Sounds like a good use case for the Boost.Range "indirected" adaptor : 听起来像是Boost.Range“间接”适配器的一个很好的用例:
for(auto const& car : cars | boost::adaptors::indirected) {
car.DisplayMileage();
car.Drive(); // error: passing 'const Car' as 'this' argument of 'void Car::Drive()' discards qualifiers [-fpermissive]
}
Is this possible without casting the shared pointer to a car to a shared pointer to a const car ?

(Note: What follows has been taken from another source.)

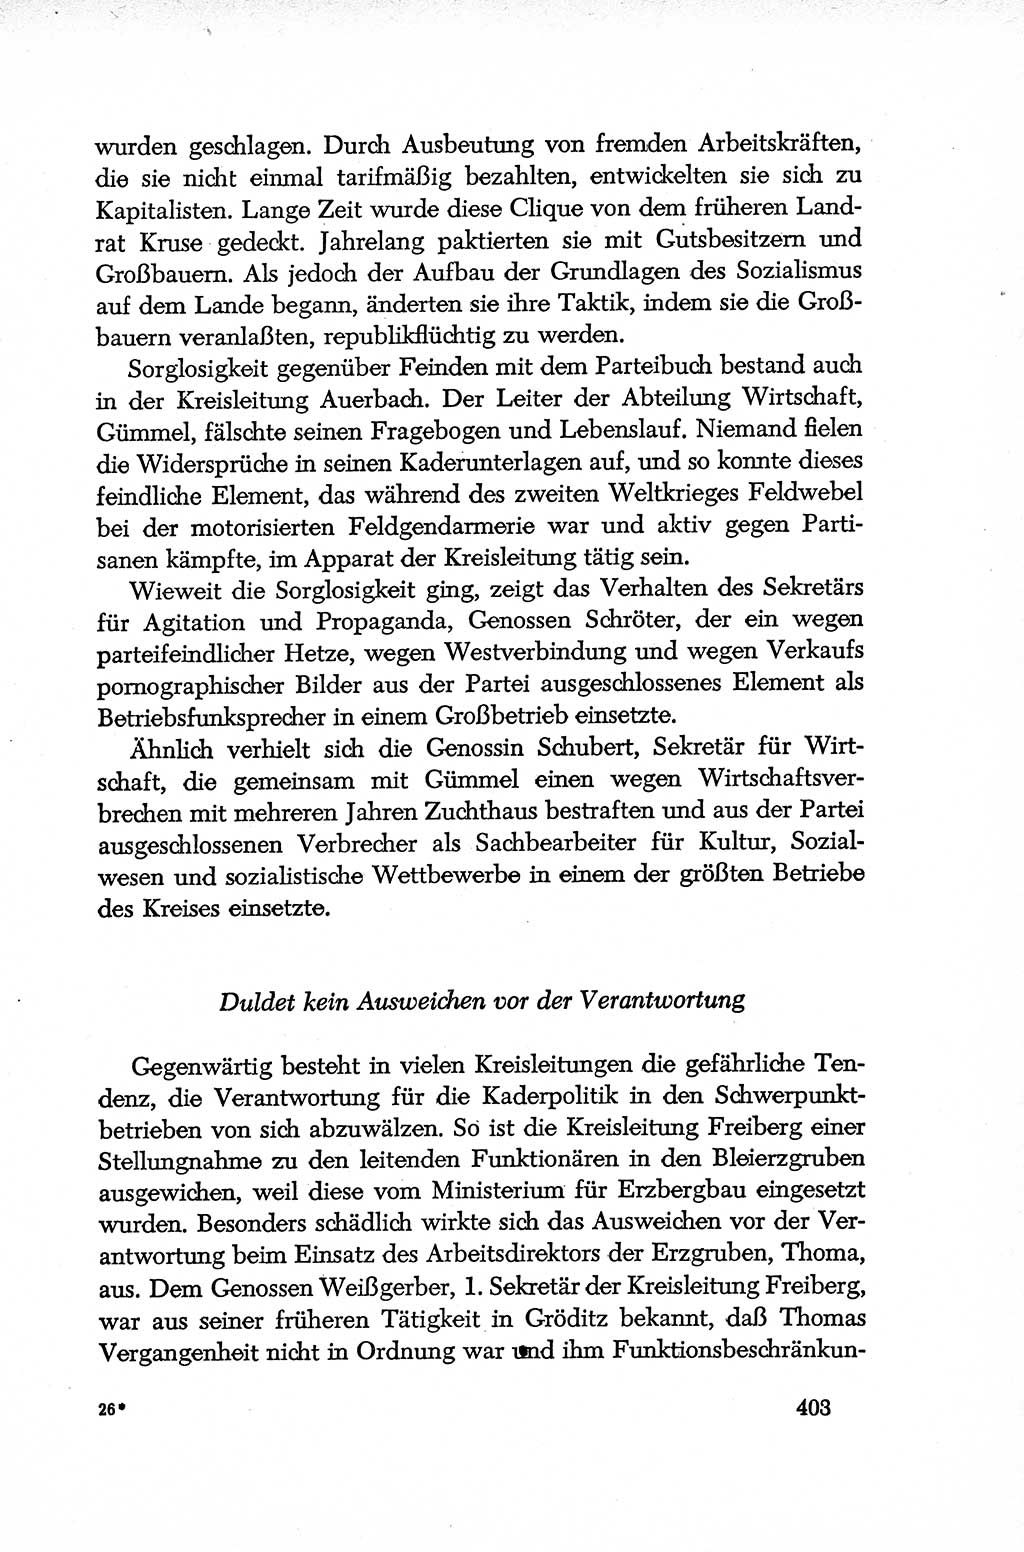 Dokumente der Sozialistischen Einheitspartei Deutschlands (SED) [Deutsche Demokratische Republik (DDR)] 1952-1953, Seite 403 (Dok. SED DDR 1952-1953, S. 403)

这是否可以在不将汽车的共享指针转换为指向const汽车的共享指针的情况下实现 ?
No, it is not possible. 不,这是不可能的。 The
const
applies to the shared pointer, not to the thing it refers to. const
适用于共享指针,而不适用于它引用的东西。
This is a basic fact of indirection, and it is the same with pointers: 这是间接的基本事实,它与指针相同:
int main()
{
int x = 0;
int* p1 = &x;
auto const p2 = p1;
// p2 is `int* const`, not `int const*`
*p1 = 1;
}
It's arguably unfortunate that there's simply no way to inherently gain immutability in your iteration, but that's because you're employing indirection: you're not iterating over Car
s. 可以说遗憾的是,在你的迭代中根本没有办法固有地获得不变性,但那是因为你正在使用间接:你不是在迭代
Car
。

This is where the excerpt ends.